The ever-growing demand for new biosensors has boosted the materials processing and synthesis in organic electronics. As a result, different layouts of organic field-effect transistors (OFETs) are now suitable to be operated in aqueous solution. Among them, electrolyte-gated organic field-effect transistors (EGOFETs) are the ultimate example . In particular, these devices rely on an electrolytic solution, which acts as a gate dielectric bridging the gate electrode and the organic semiconductor thin-film. Different examples of biosensors have been successfully demonstrated in the past few years aiming at the detection of DNA, penicillin, streptavidin and dopamine .

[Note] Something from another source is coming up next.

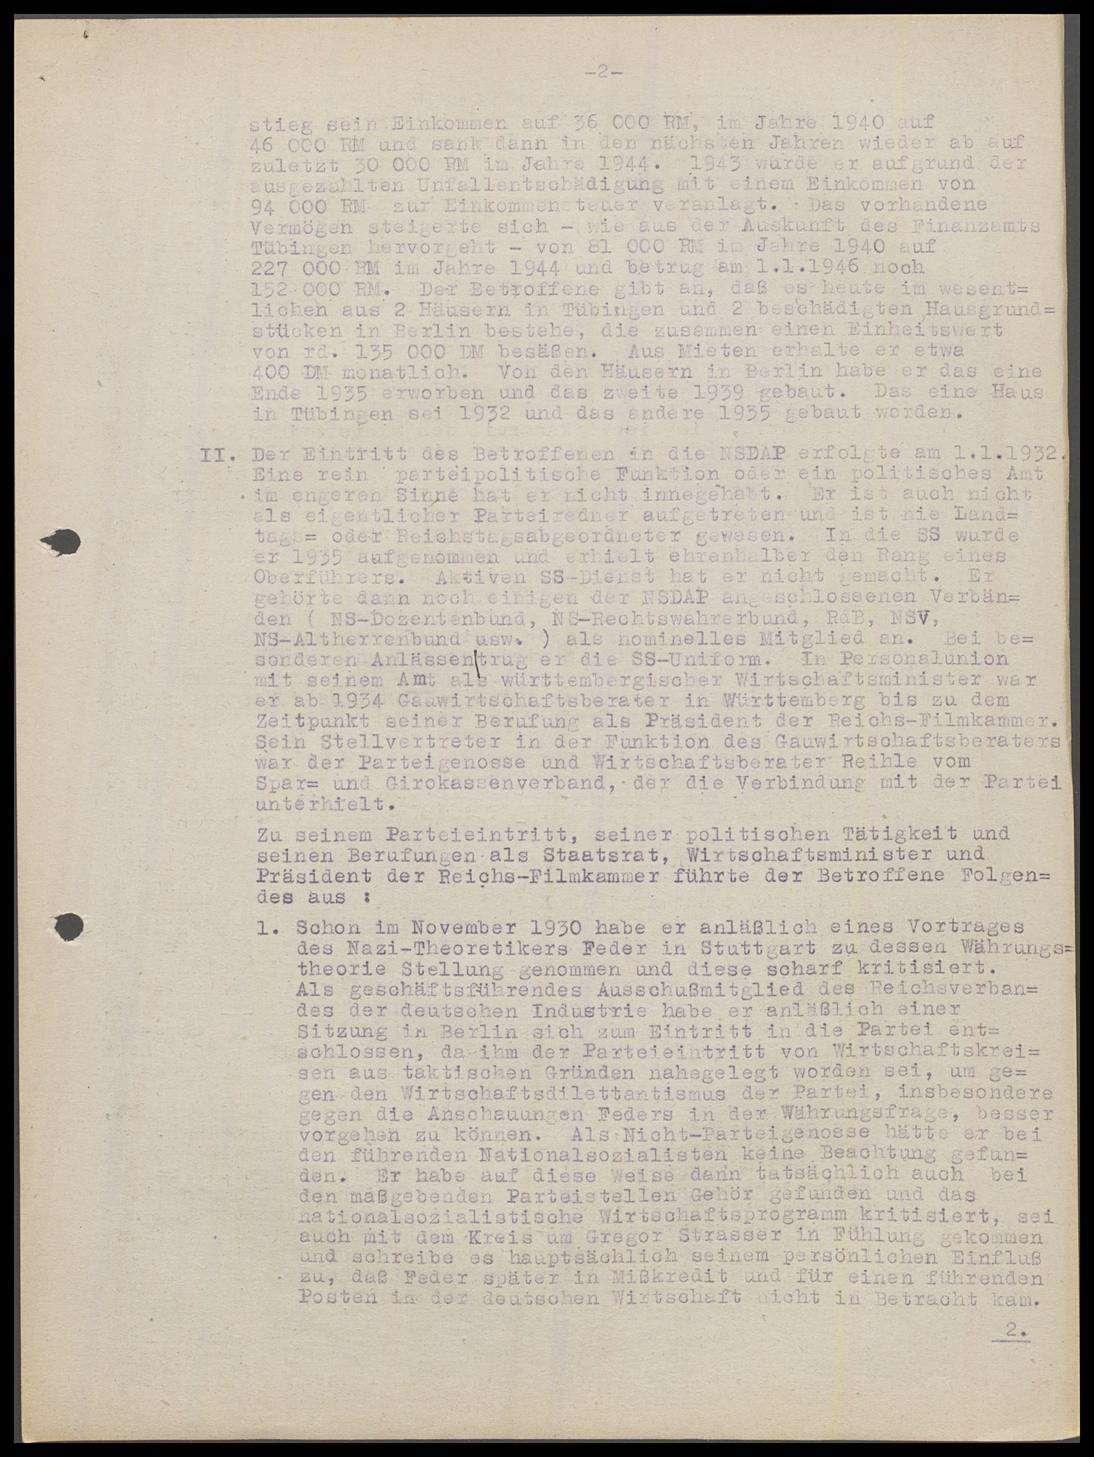 Lehnich, Oswald, Prof. Dr., Bild 3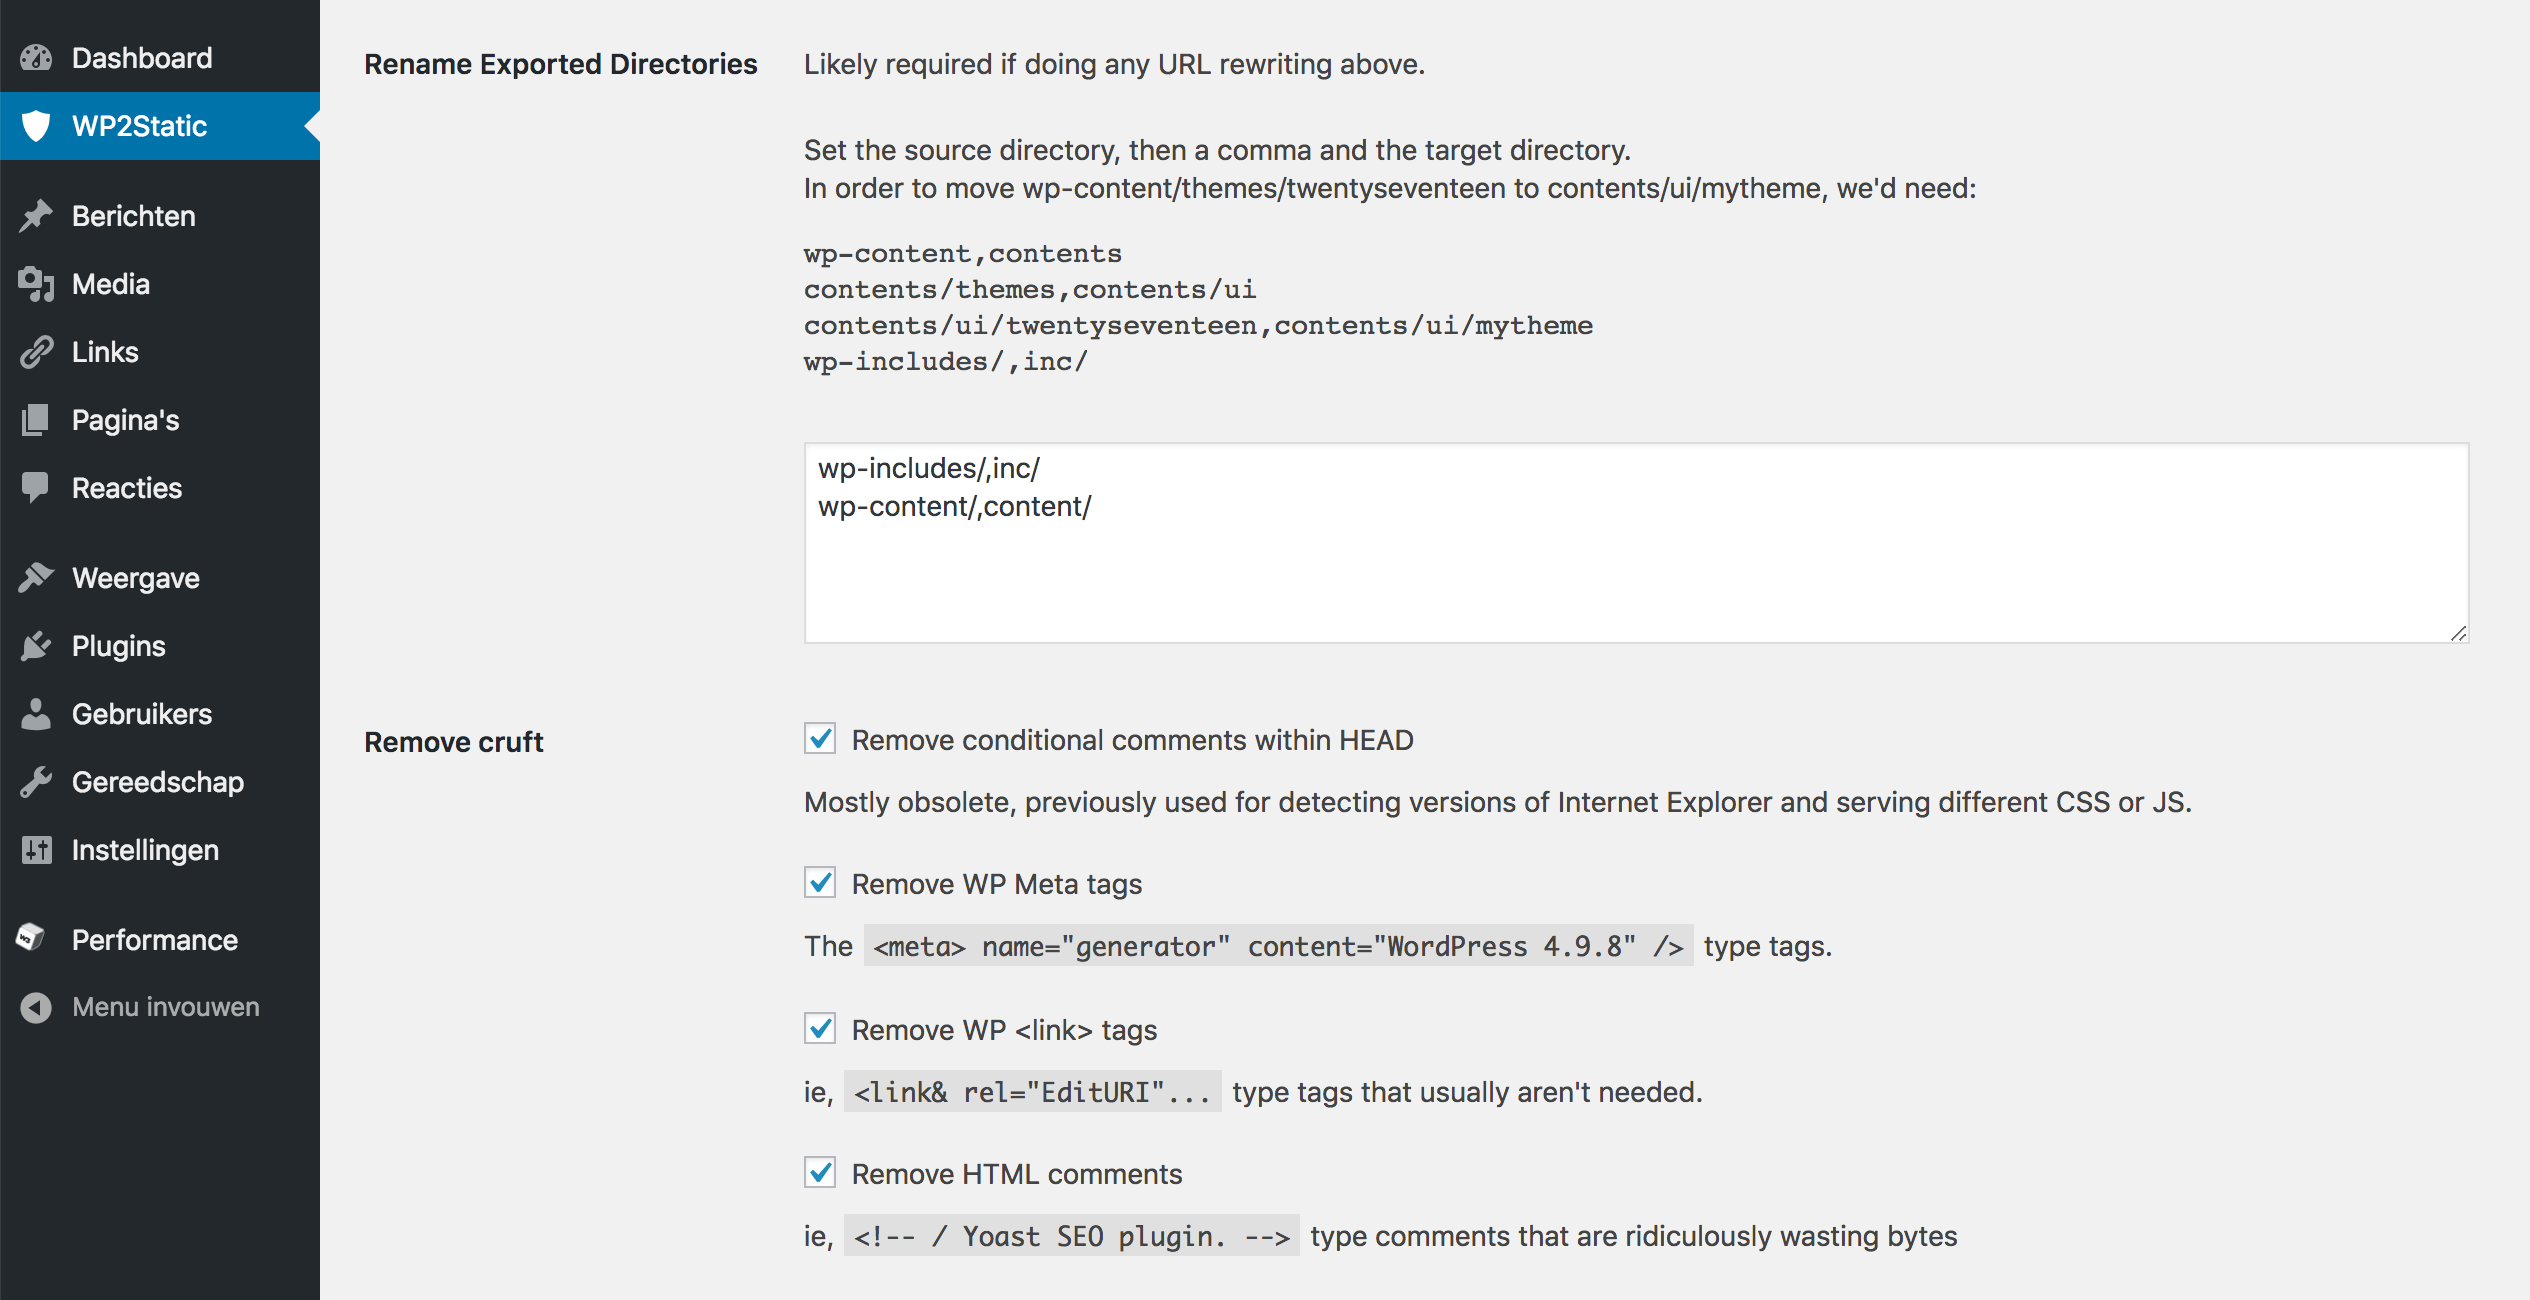 WordPress omzetten naar statische website: de instellingen bij 'Rename Exported Directories'.

Different factors are pivotal in order to achieve an electronic biosensor, such as the electrostatic screening, the pH of the aqueous environment and the density of the reactive sites assembled on the device . An additional factor has to be taken into account for an immunological detection: the antibody (Ab) orientation once it is immobilized.
Here, it has been designed and fabricated an immunosensor towards interleukin-4 (IL4) and interlekin-6 (IL6). These two proteins belong to the cytokine family, which are known to be signalling mediators of the immune system. In particular, IL4 is an anti-inflammatory biomarker, whereas IL6 is a pro-inflammatory one.
The sensing core of this electronic device is the gate electrode (i.e. polycrystalline Au). The assessment of the role exerted by the Ab orientation has been pursued by comparing two different surface treatments: i) the use of an amine-terminated SAM activated by glutaraldehyde and ii) the exploitation of the recombinant protein G. Although the former protocol yields a covalent Ab grafting, it has a poor control on the orientation of the immobilized Ab. The latter leads to a highly oriented Ab on the gate electrode, making use of the biological functionality of recombinant protein G.
These two functionalization protocols have been characterized by DC/AC electrochemical measurements (viz. cyclic voltammetry and impedance spectroscopy). Furthermore, the bio-molecular recognition between antibody and antigen has been characterized by single force spectroscopy for both protocols. Many parameters have been successfully extracted, like (i) unbinding length and force, (ii) dissociation constant and (iii) reaction length. All these results point out how the protocol based on protein G leads to a more efficient bio-molecular recognition than the other one based on glutaraldehyde. As a result, the EGOFET shows sensitivity down to nM scale only for highly oriented Abs on the gate surface. In conclusion, electrical and nano-mechanical data have showed how the control of Abs orientation is crucial for IL4 and IL6 biosensing.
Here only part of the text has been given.